§ **TASK TO COMPLETE**: The answer must consist only of the lines in the records below from the line with "Закрепитель лака для ногтей IQ Beauty" to the line with "(01) Kalend Inteco 01 verh 08", both included, copied word for word with every picture left out.

§ **RAW DATA**:
◇ ◇ ◇ ◇
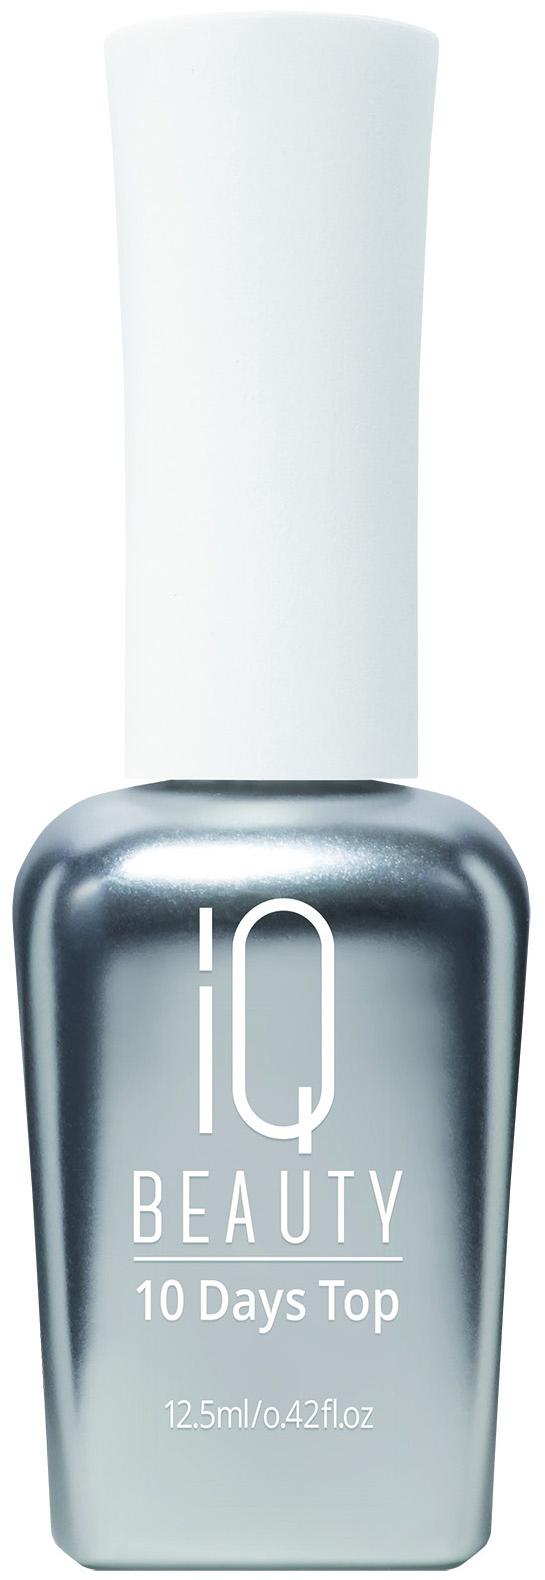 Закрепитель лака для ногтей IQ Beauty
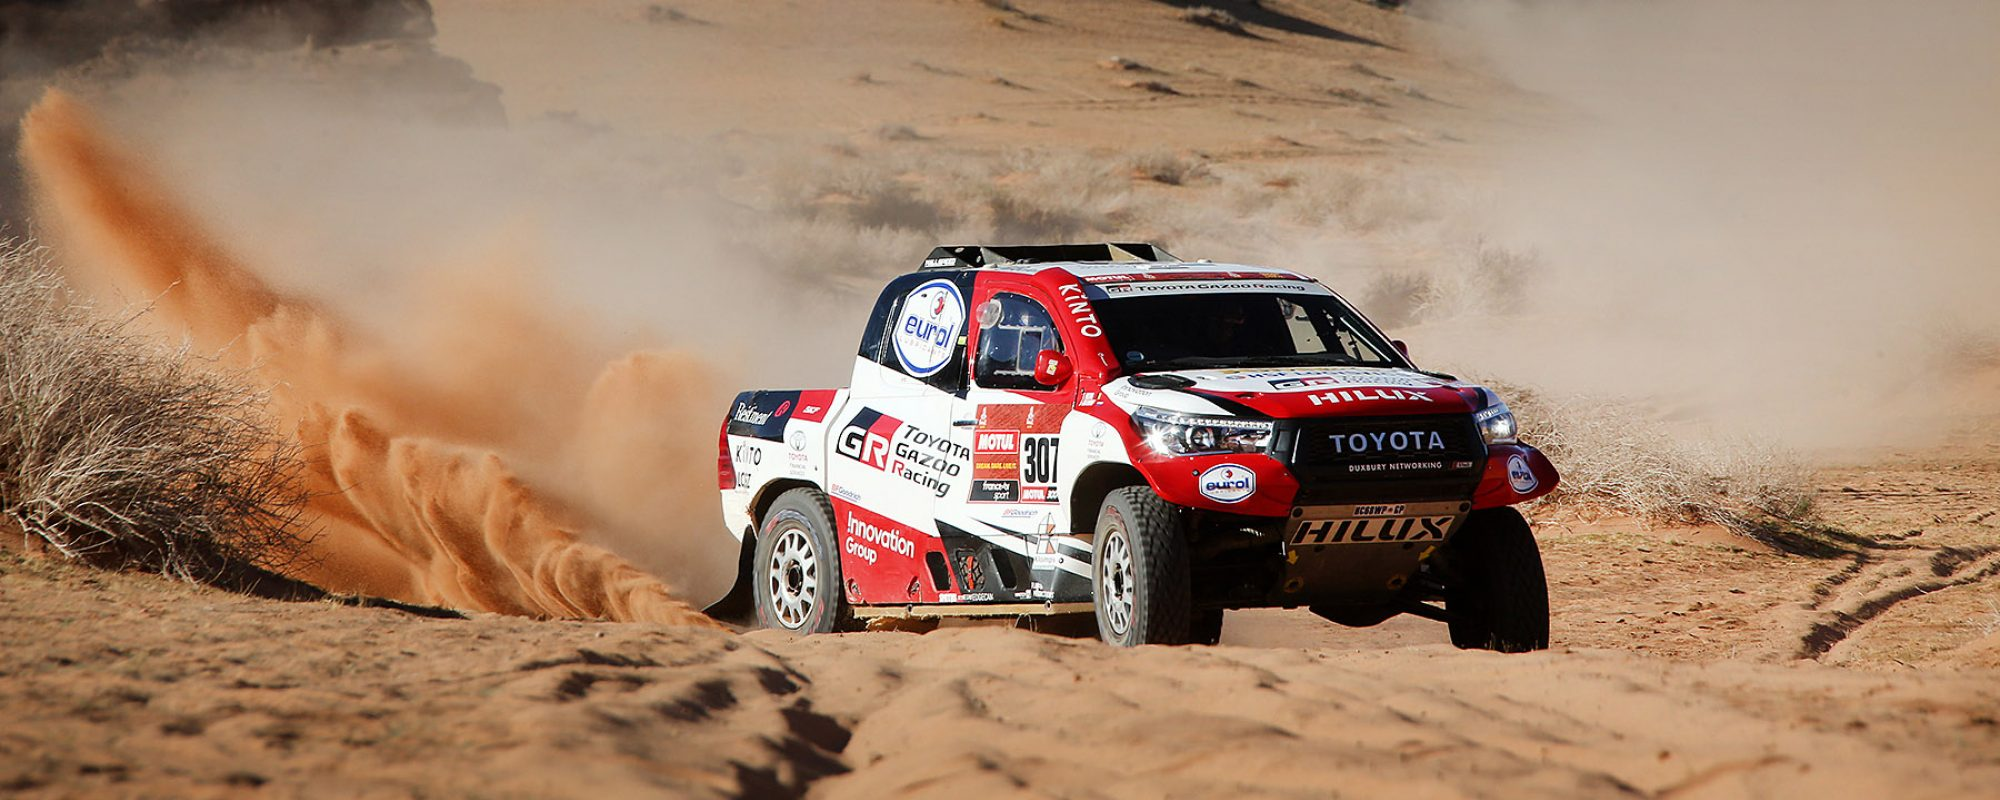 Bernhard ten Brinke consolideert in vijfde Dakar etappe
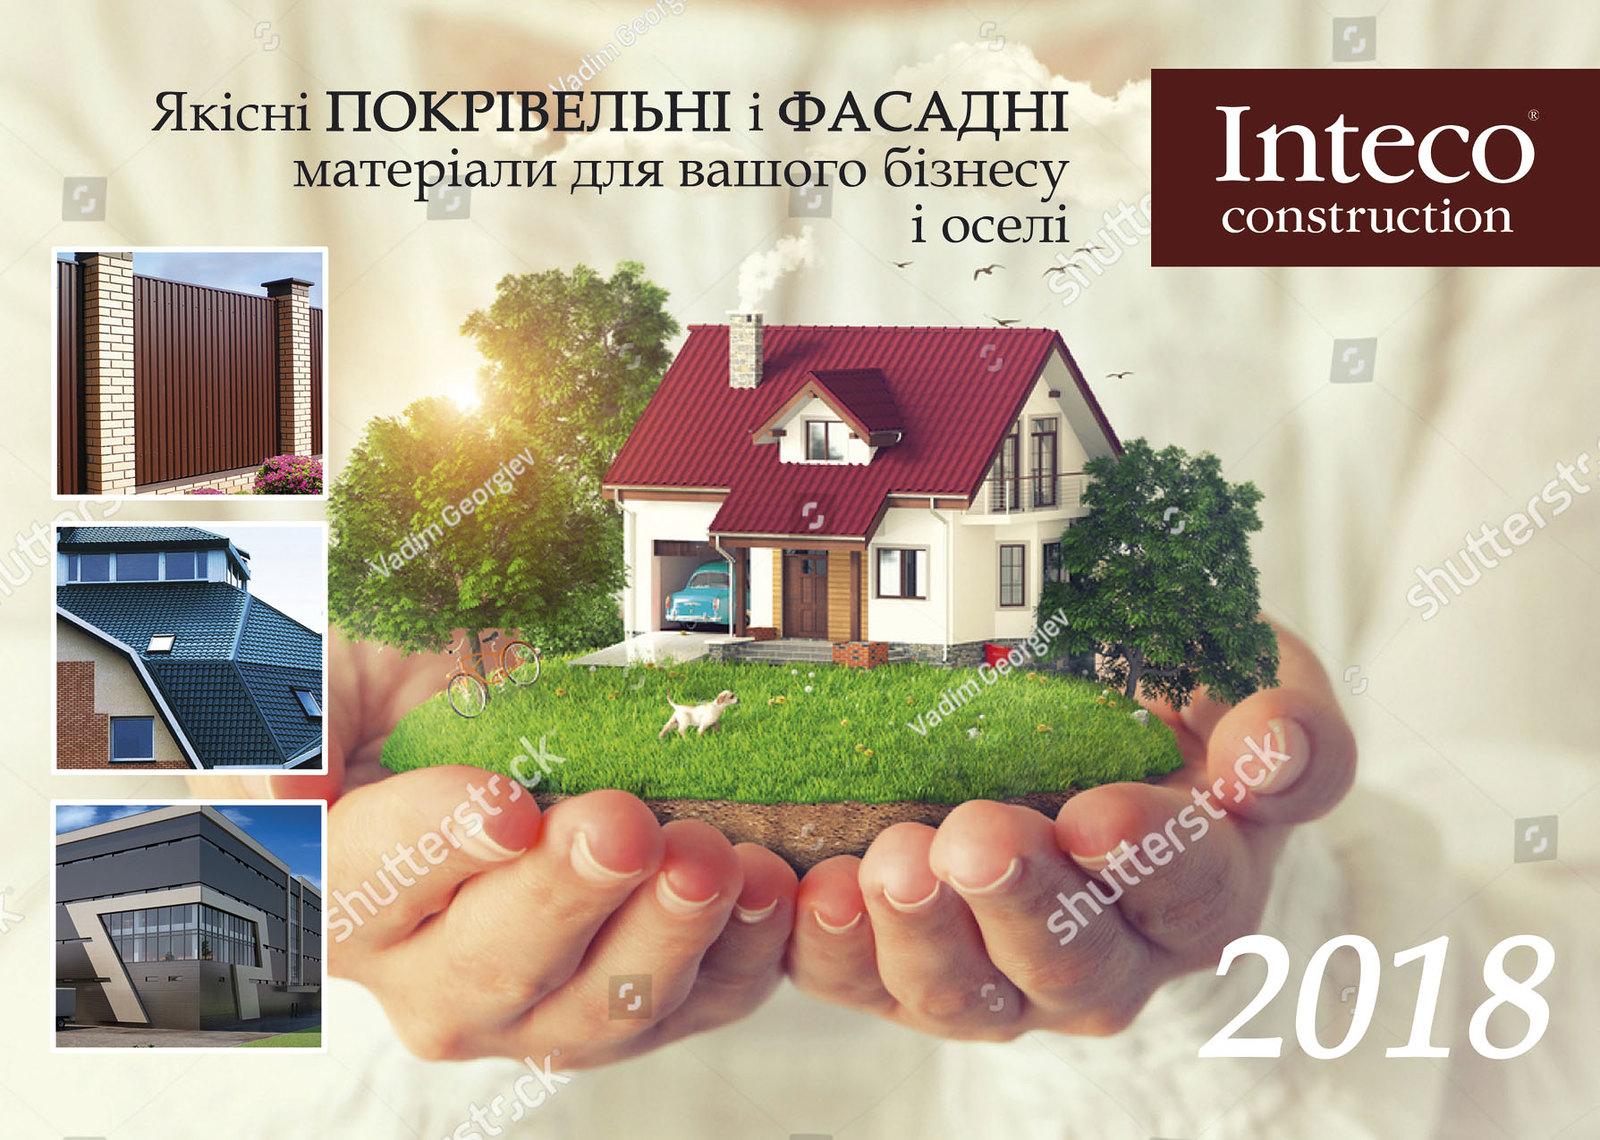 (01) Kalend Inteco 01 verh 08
◇ ◇ ◇ ◇
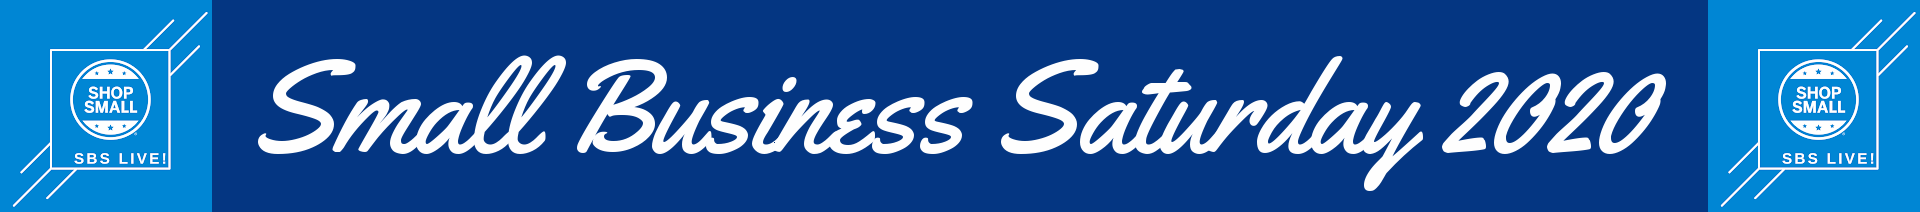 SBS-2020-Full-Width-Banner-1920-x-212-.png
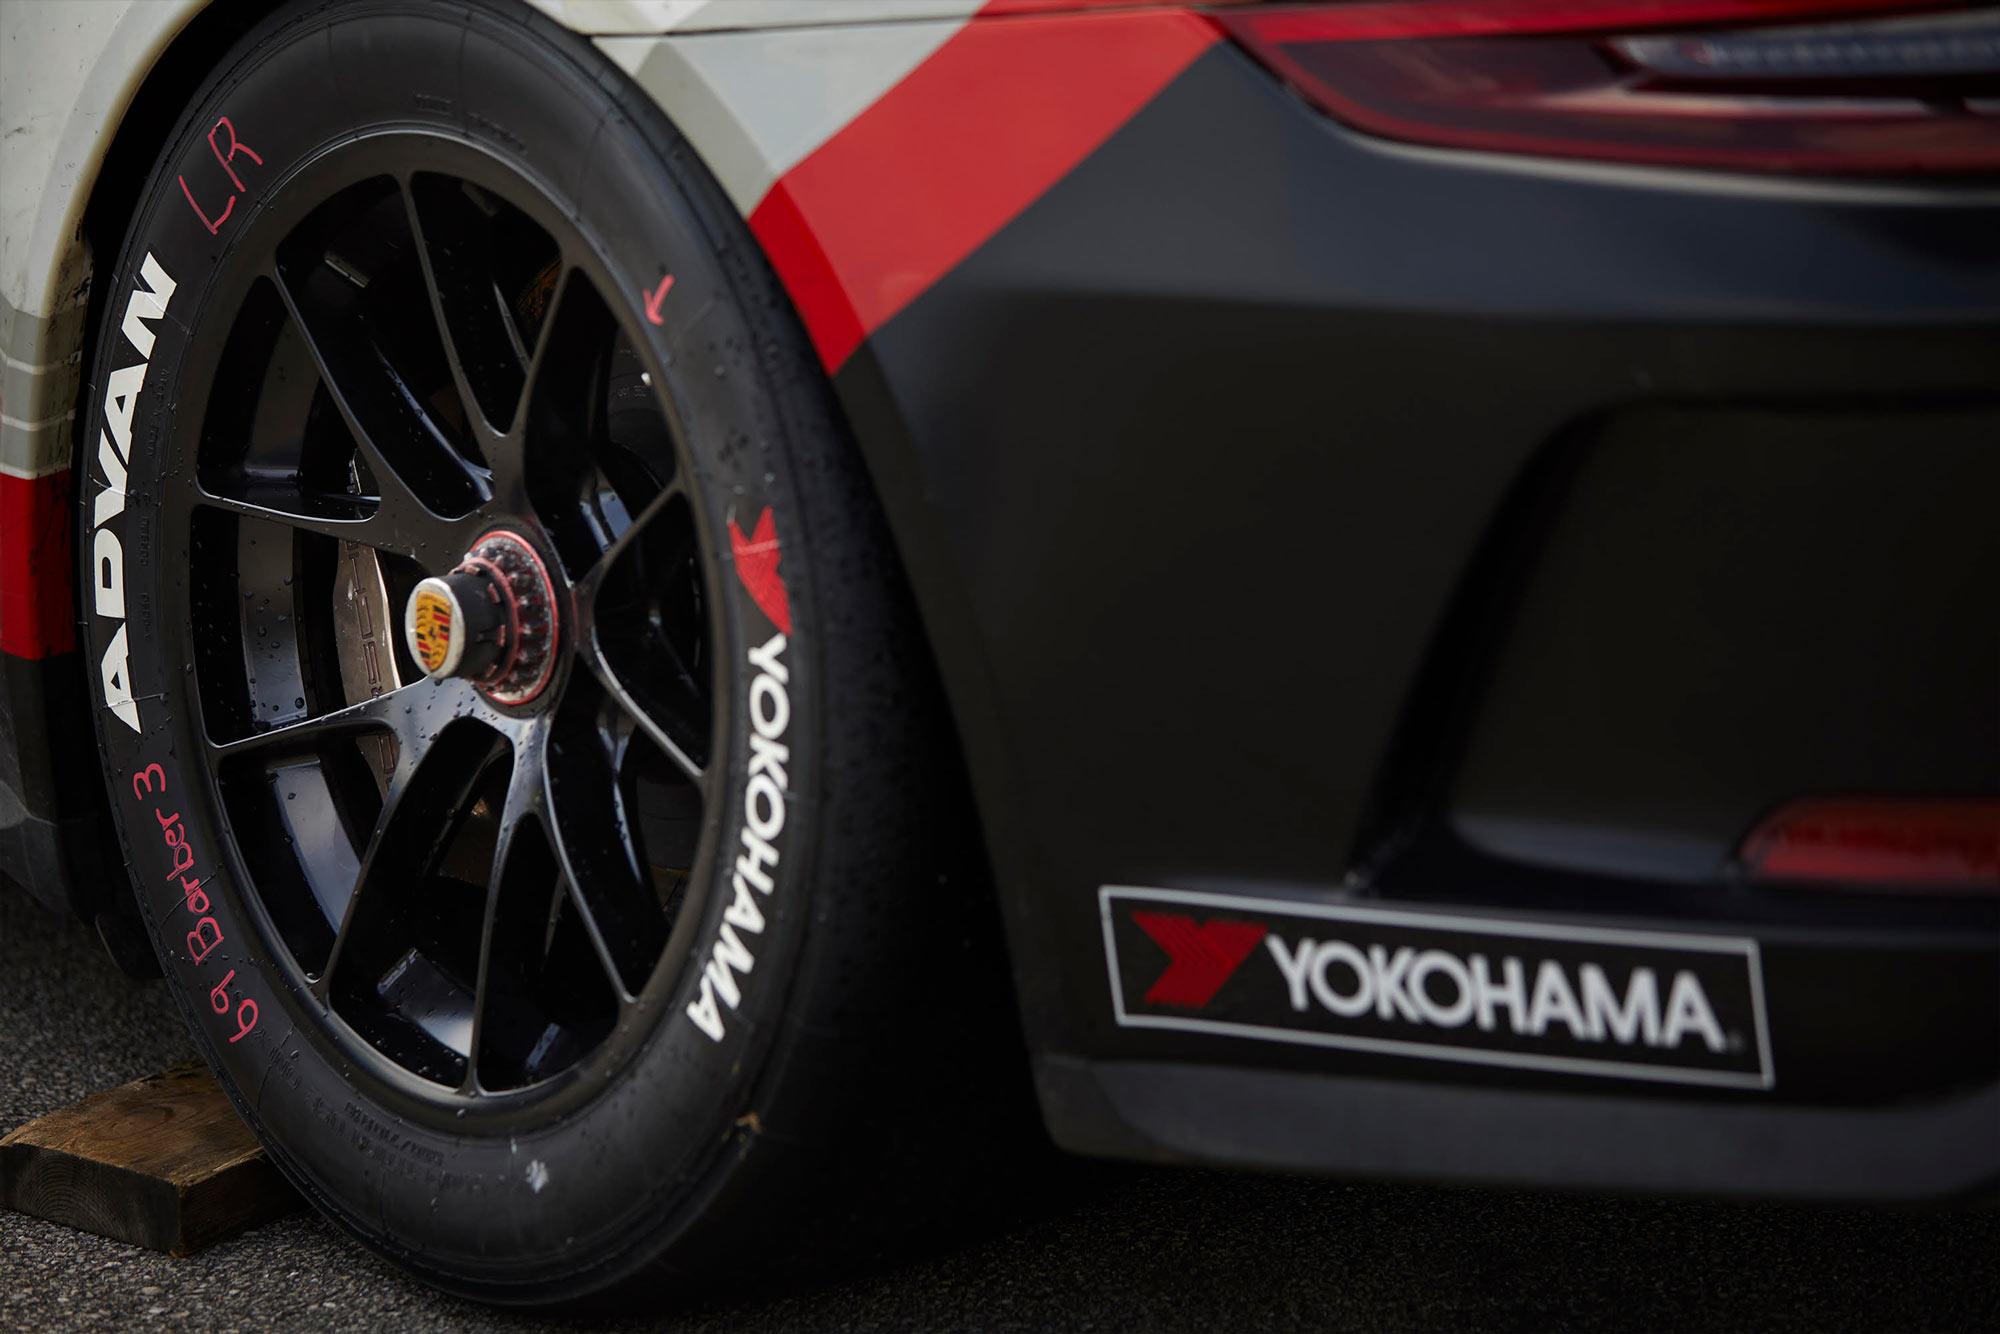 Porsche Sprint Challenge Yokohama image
◇ ◇ ◇ ◇
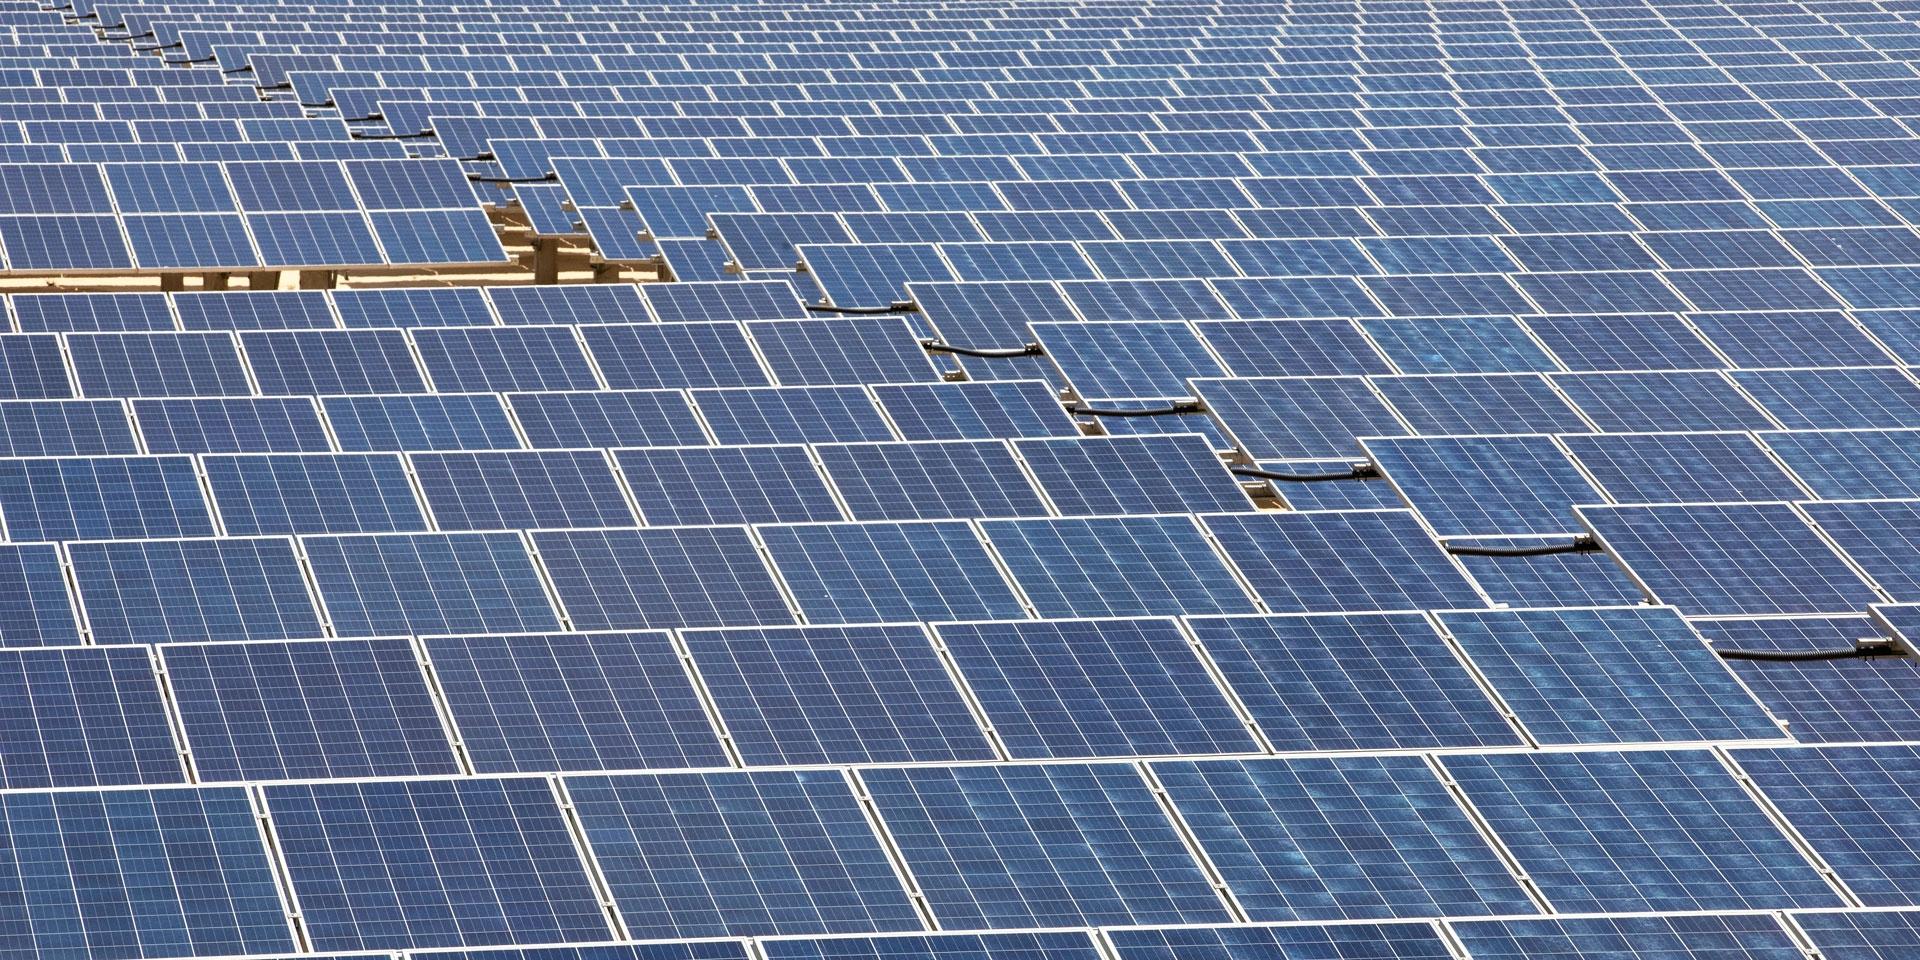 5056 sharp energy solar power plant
◇ ◇ ◇ ◇
§ **RESPONSE TO THE TASK**:
 Закрепитель лака для ногтей IQ Beauty
 Bernhard ten Brinke consolideert in vijfde Dakar etappe
 (01) Kalend Inteco 01 verh 08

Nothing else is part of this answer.